▶ **Given material**
- Opening Delimiter -
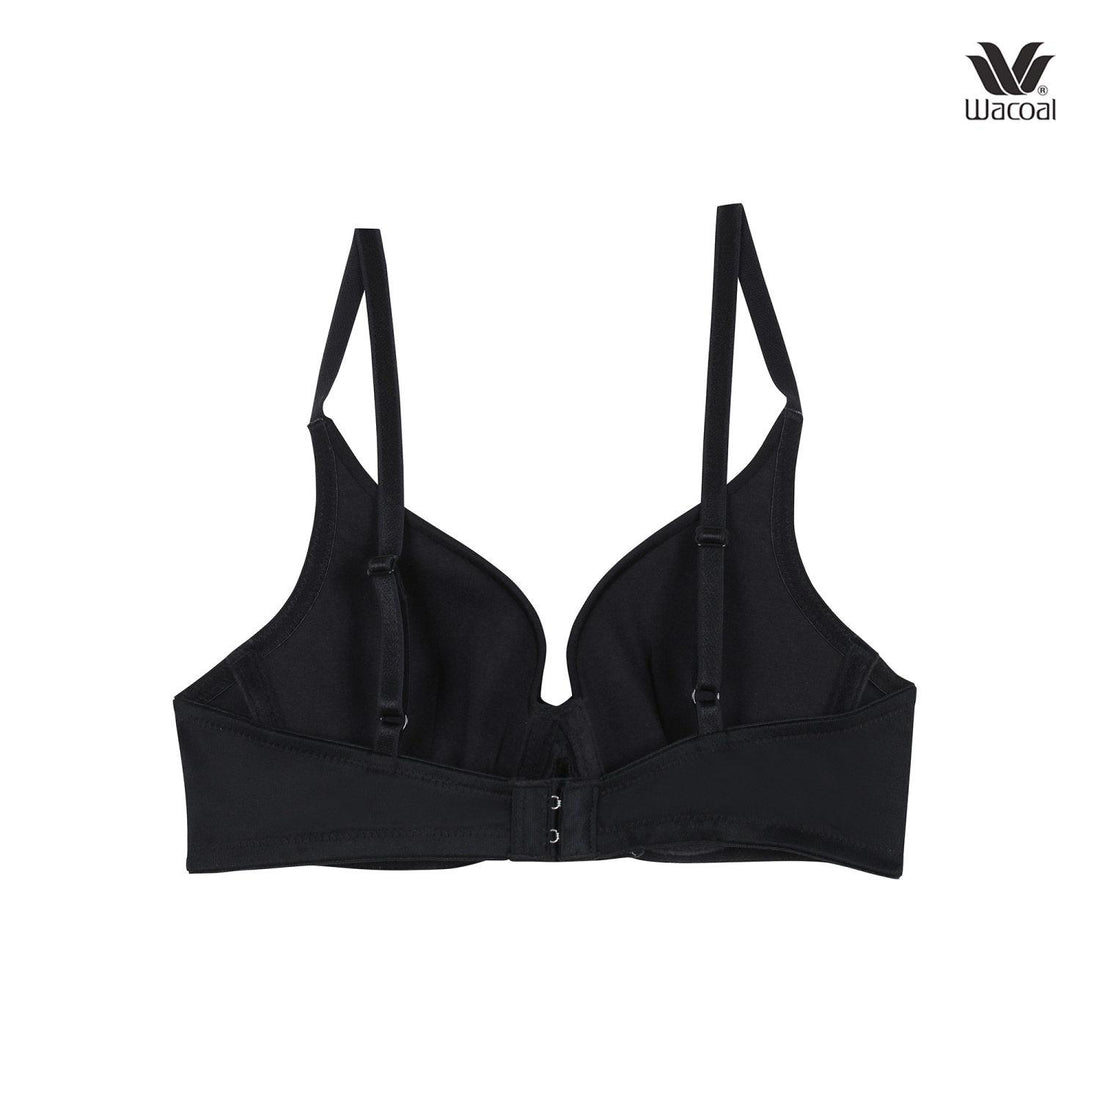 Wacoal Seamless Bra, seamless bra, smooth, comfortable, model WB5A87, black (BL)
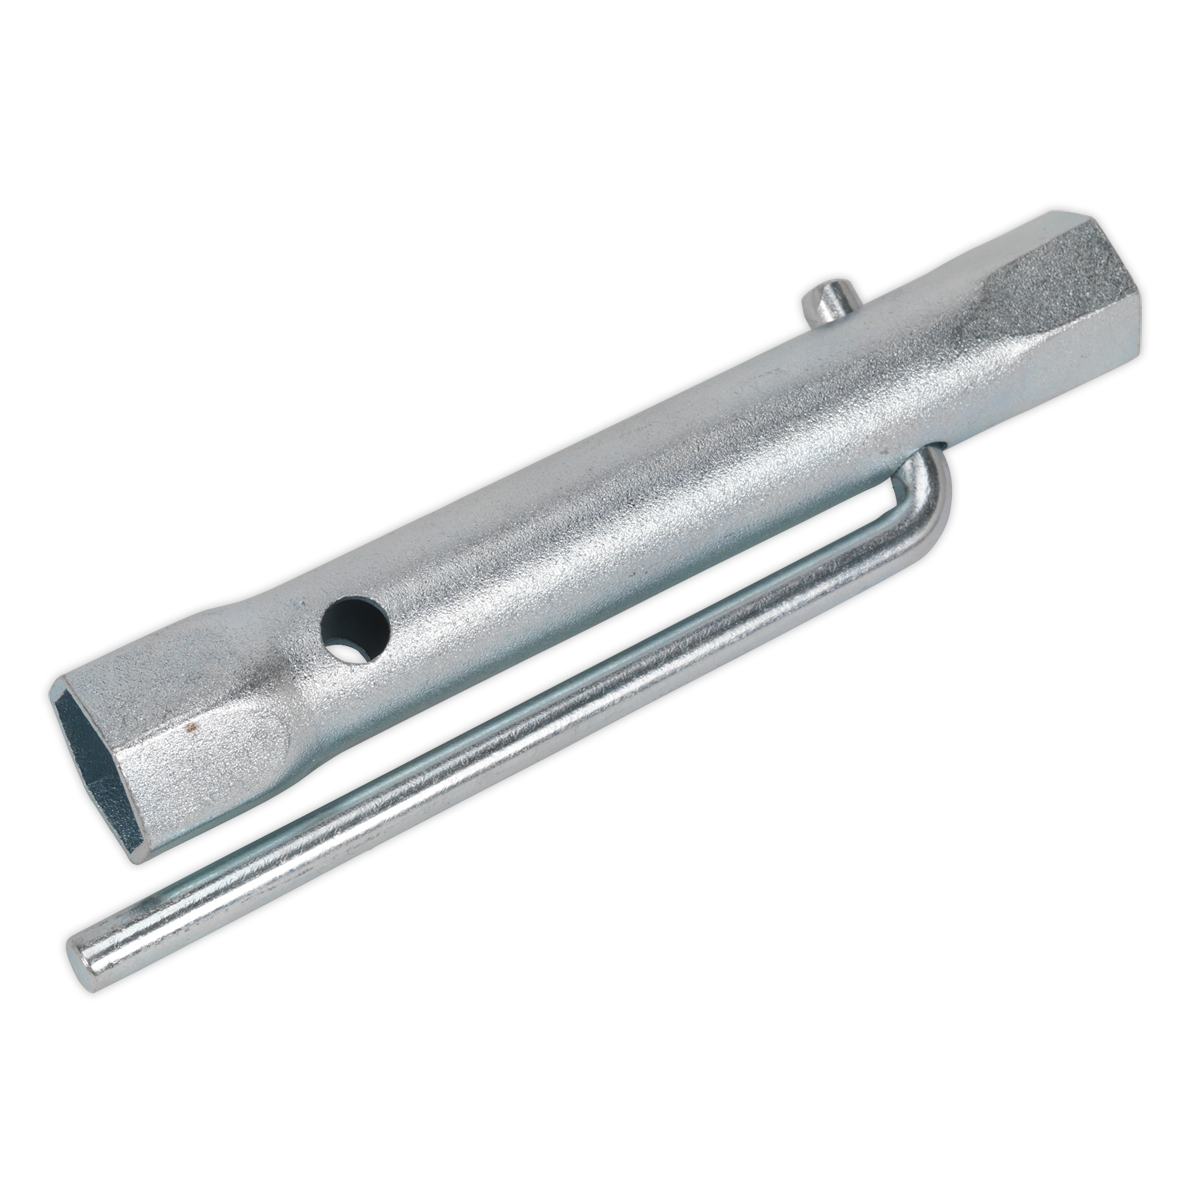 Sealey Double End Long Reach Spark Plug Box Spanner 17/21mm with L-Bar
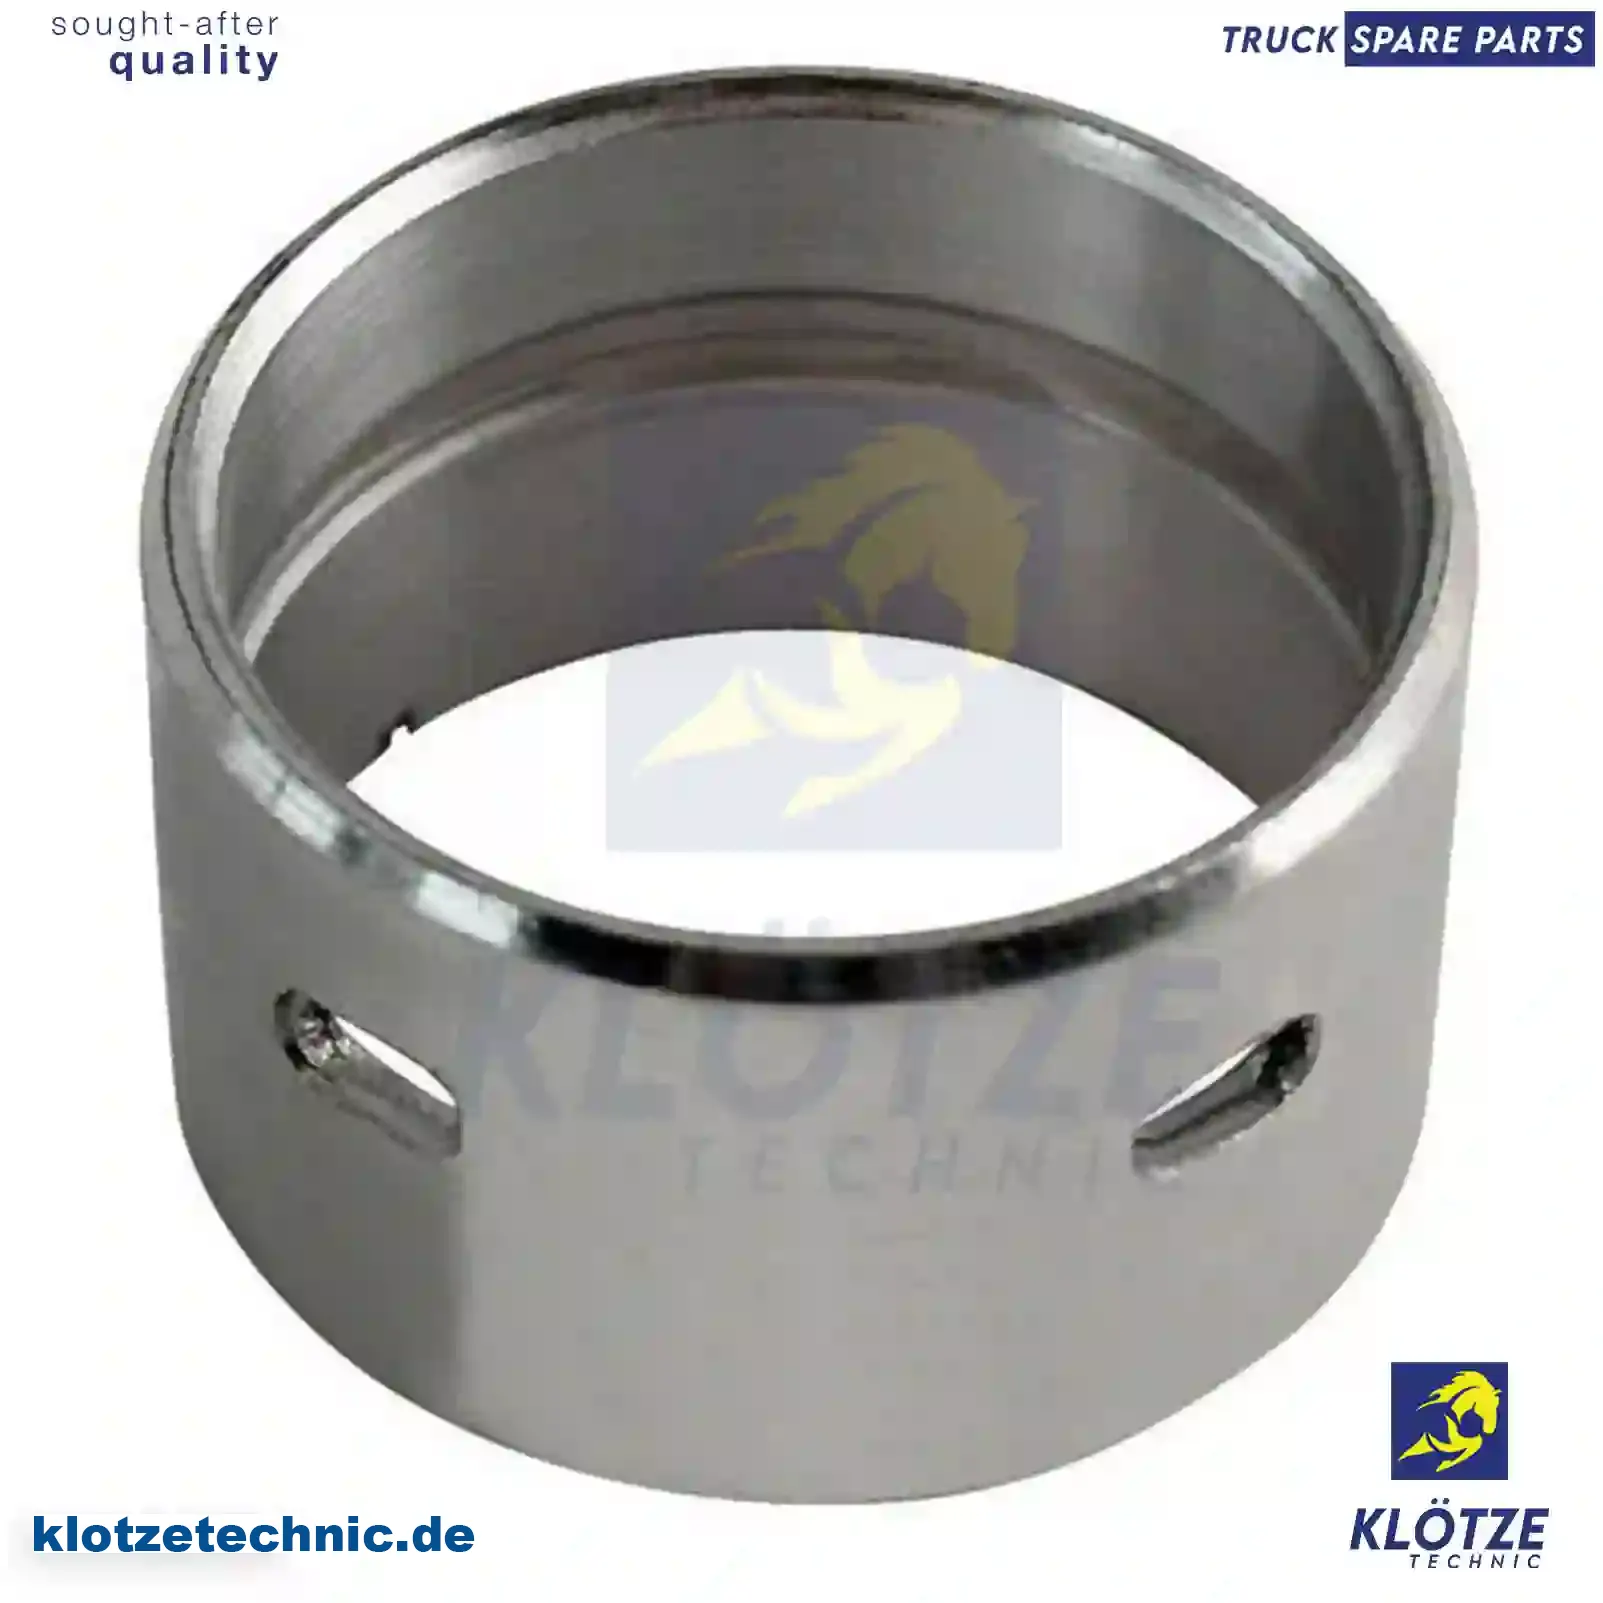 Crankshaft bearing, compressor, 51930201007, 0001314250, 4031310450, ZG50377-0008 || Klötze Technic
- Closing Delimiter -
▶ **Try it**
Please copy the lines above exactly as written, apart from any pictures.

▶ **Answer box**
 Wacoal Seamless Bra, seamless bra, smooth, comfortable, model WB5A87, black (BL)
 Sealey Double End Long Reach Spark Plug Box Spanner 17/21mm with L-Bar
 Crankshaft bearing, compressor, 51930201007, 0001314250, 4031310450, ZG50377-0008 || Klötze Technic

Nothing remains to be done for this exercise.